Возвращаюсь в кухню и проверяю окно. Оно также закрыто изнутри на задвижку.
– Лидс, ты меня пугаешь.
Я качаю головой.
– Все нормально, Лайла. – Не хочу ее волновать. Если она поймет, что я сам не могу объяснить произошедшее, то лишь начнет нервничать. – Я оставил полотенце на плите. Оно загорелось. Хотел быстро схватить его и случайно опрокинул суп. – Я провожу ладонями по ее плечам. – Прости. Я все уберу.
– Давай помогу.
Я позволяю Лайле присоединиться к уборке. Лучше, если она будет рядом. Потому что сам не понимаю, что здесь, черт возьми, произошло.
Дознание
Кассета заканчивается. Детектив извлекает ее, переворачивает и снова нажимает кнопку записи.
Я размышляю – а известно ли ему, что на телефон записывать намного проще? Возможно, он приверженец конспирологических теорий, один из тех, кто отрицает государственную власть до такой степени, что даже отказывается пользоваться мобильником?
– Я бы хотел взглянуть на плиту. – Он берет магнитофон и возвращается в кухню. Я на секунду задерживаюсь. А если приглашать этого человека сюда было ошибкой? Более здравомыслящие люди, услышав мой рассказ, решат, что я совсем спятил. Остается лишь надеяться, что он не передаст мою историю прямо в руки тех самых здравомыслящих людей.
А ну и пусть! Мне уже плевать. Моя будущая карьера, жалкая кучка фанатов, мой имидж, над которым работала Лайла, – они больше не имеют значения. Теперь, когда я увидел, на что способен этот мир, все кажется никчемной ерундой.
Словно я всю жизнь провел на мелководье и лишь в последние недели погрузился на дно Бездны Челленджера.
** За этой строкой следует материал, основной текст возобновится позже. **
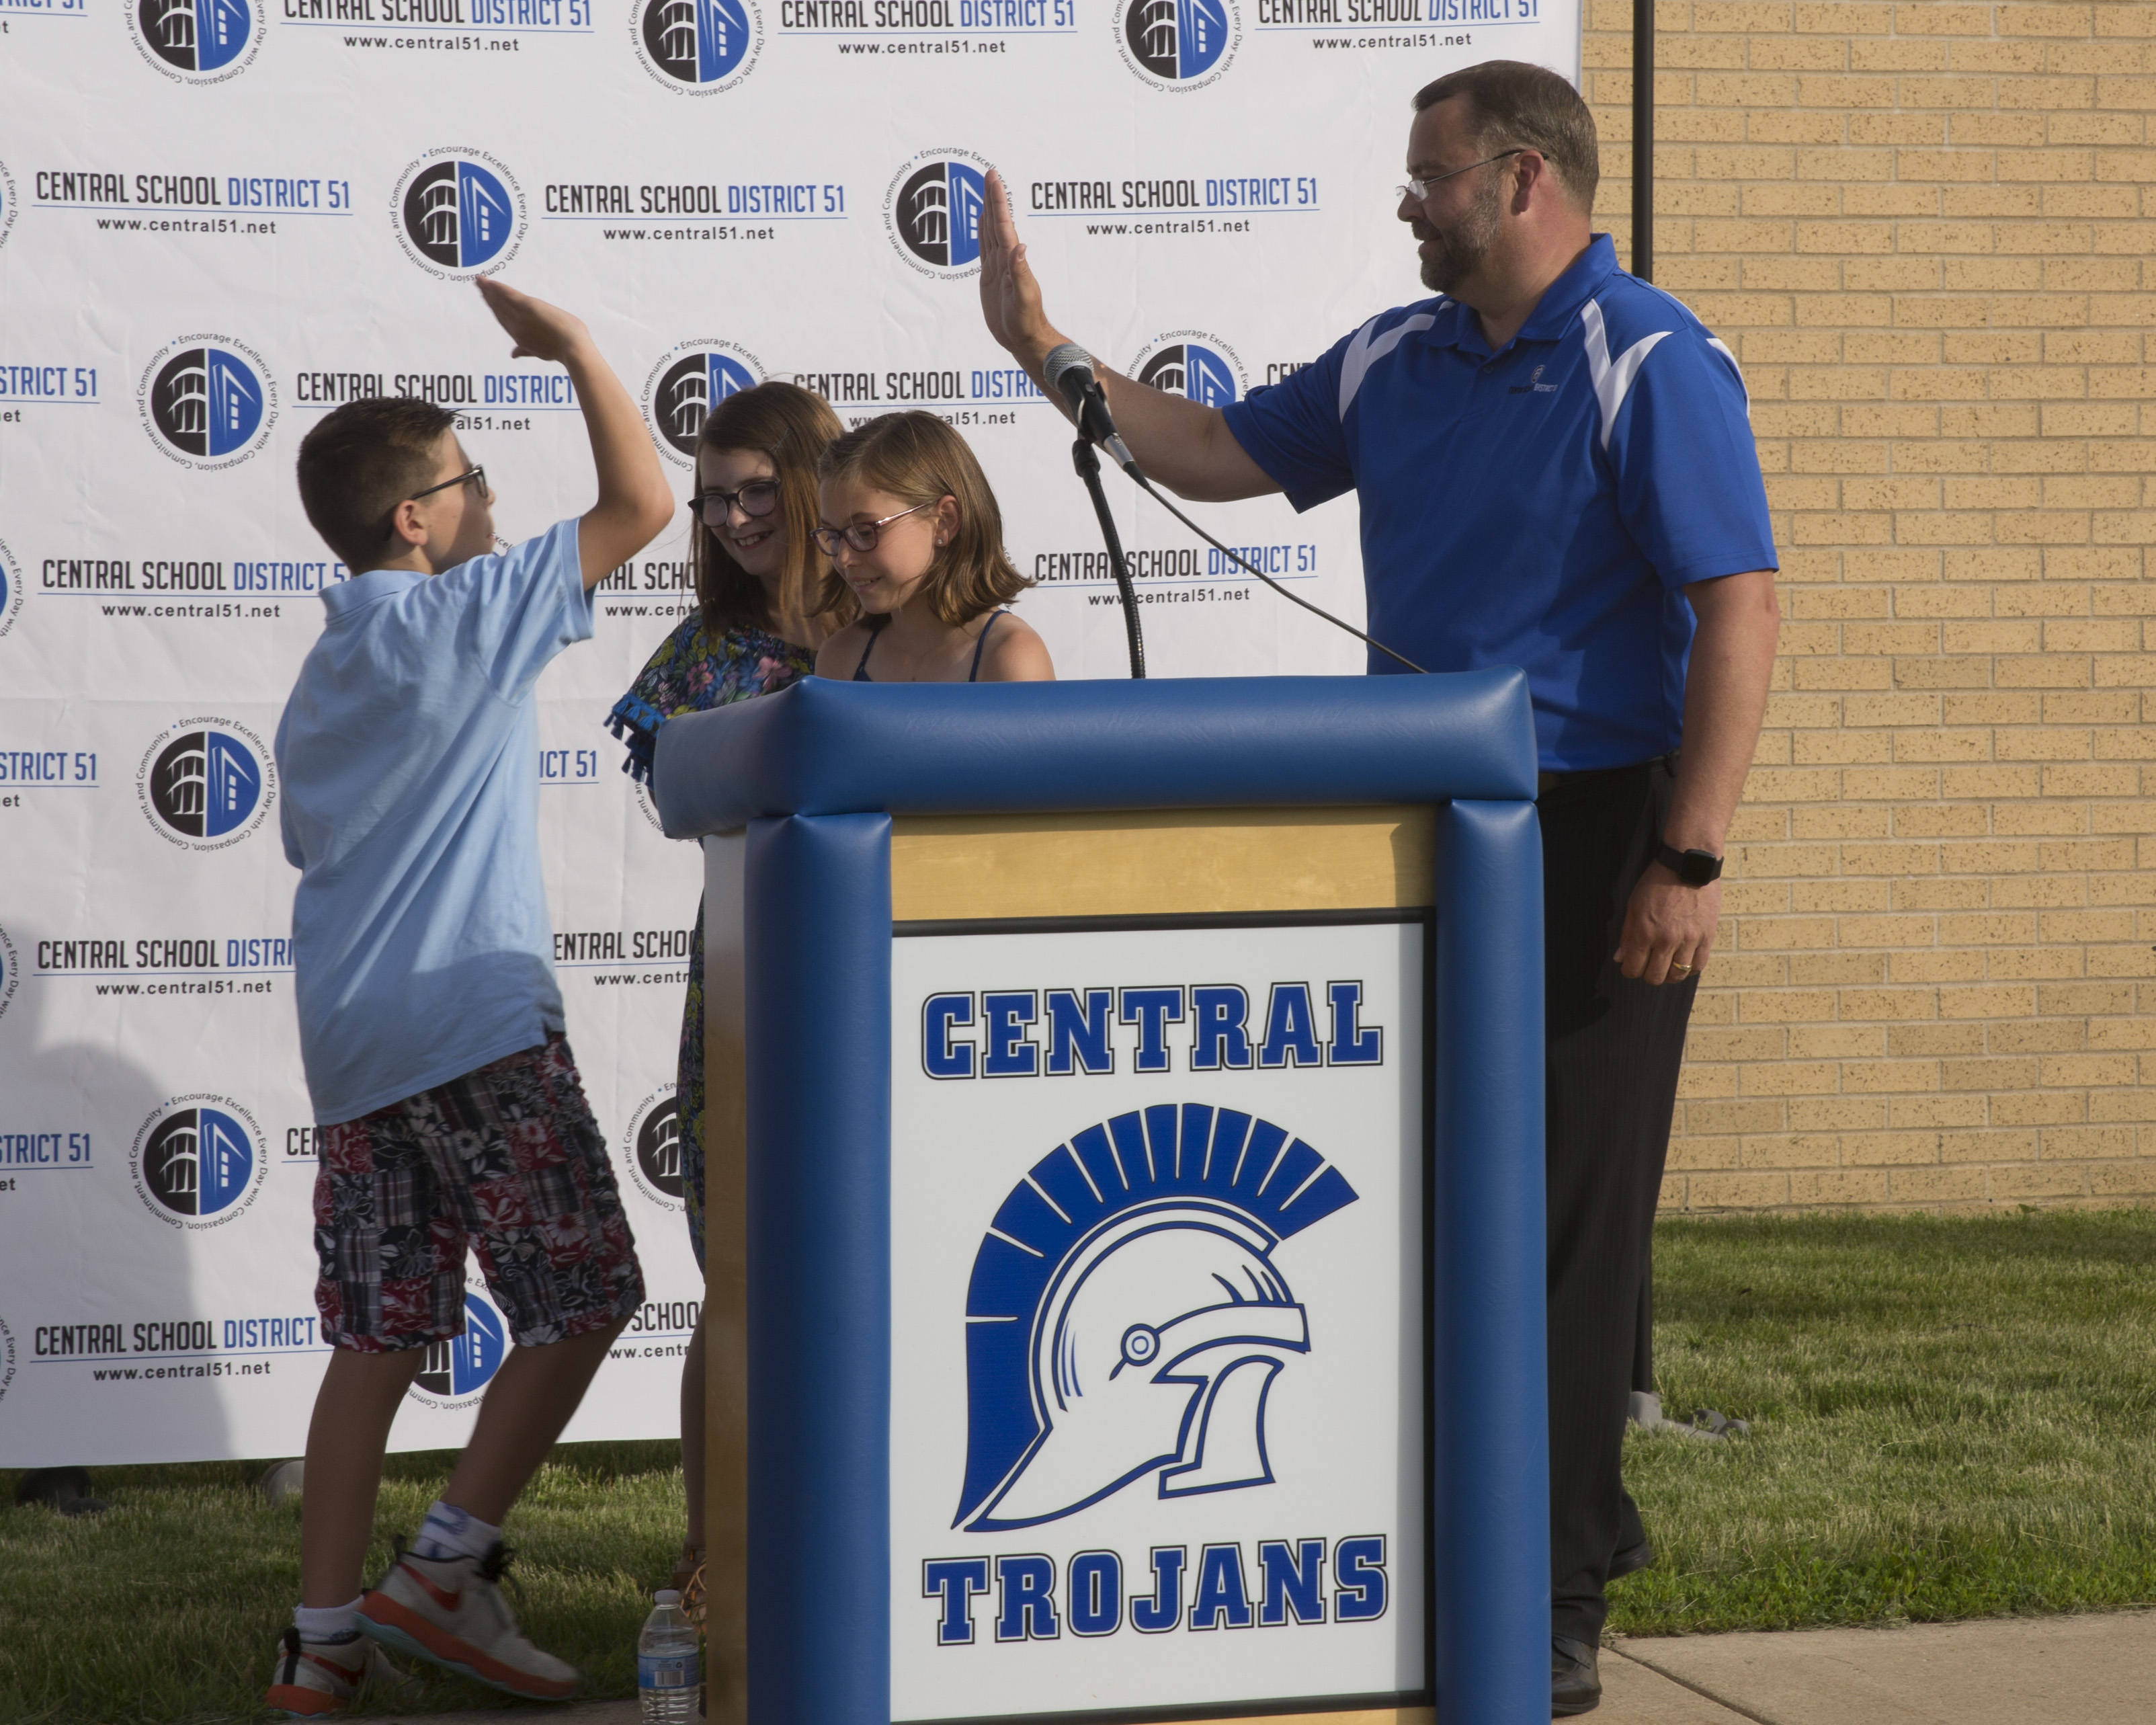 The same three little kids going off the stage and one of the high fiving the superintendent.

Когда я вхожу на кухню, детектив, наклонив голову, рассматривает плиту. Надавливает на ручку, поворачивает ее и ждет, пока загорится пламя. Горелка вспыхивает; он какое-то время наблюдает за ней, затем выключает и спрашивает, указывая рукой на плиту:
– Чтобы погасить огонь, требуется нажать на ручку. Как бы вы сами объяснили выключение плиты?
– Никак, – пожимаю я плечами.
С легкой усмешкой – впервые замечаю хоть какое-то проявление чувств с его стороны – он вновь усаживается за стол и ставит магнитофон между нами.
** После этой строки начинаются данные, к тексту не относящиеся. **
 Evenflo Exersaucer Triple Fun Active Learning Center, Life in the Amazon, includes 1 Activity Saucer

– А Лайлу это происшествие обеспокоило?
– Не особо. Я взял вину на себя, и она не задавала вопросов. Вместе мы отчистили кухню, и я приготовил обычную пасту.
– В тот вечер случилось что-нибудь такое же странное?
– Подобного масштаба – нет.
– А еще что-либо необъяснимое?
– В последующие дни произошли некоторые события, которые заставили меня задаться вопросом – не схожу ли я с ума.
– И какие же?
– События, после которых любой другой человек, не размышляя, в тот же миг покинул бы этот дом.
7
Лайла вяло ковыряет вилкой в пасте – больше размазывает по тарелке, чем ест. Словно ей все надоело.
– Невкусно?
Она замирает, догадавшись, что я на нее смотрю.
– Нет, все нормально.
В последнее время у нее неважный аппетит. Ест совсем по чуть-чуть, причем избегает углеводов. А сейчас у нас на ужин одни углеводы – может, потому и зачерпнула всего три раза.
Спустя неделю после выписки из больницы Лайла решила взвеситься. Помню, я чистил зубы над раковиной, а она встала на весы и шепотом воскликнула: «Боже мой!» После того ни разу не видел, чтобы она ела как следует.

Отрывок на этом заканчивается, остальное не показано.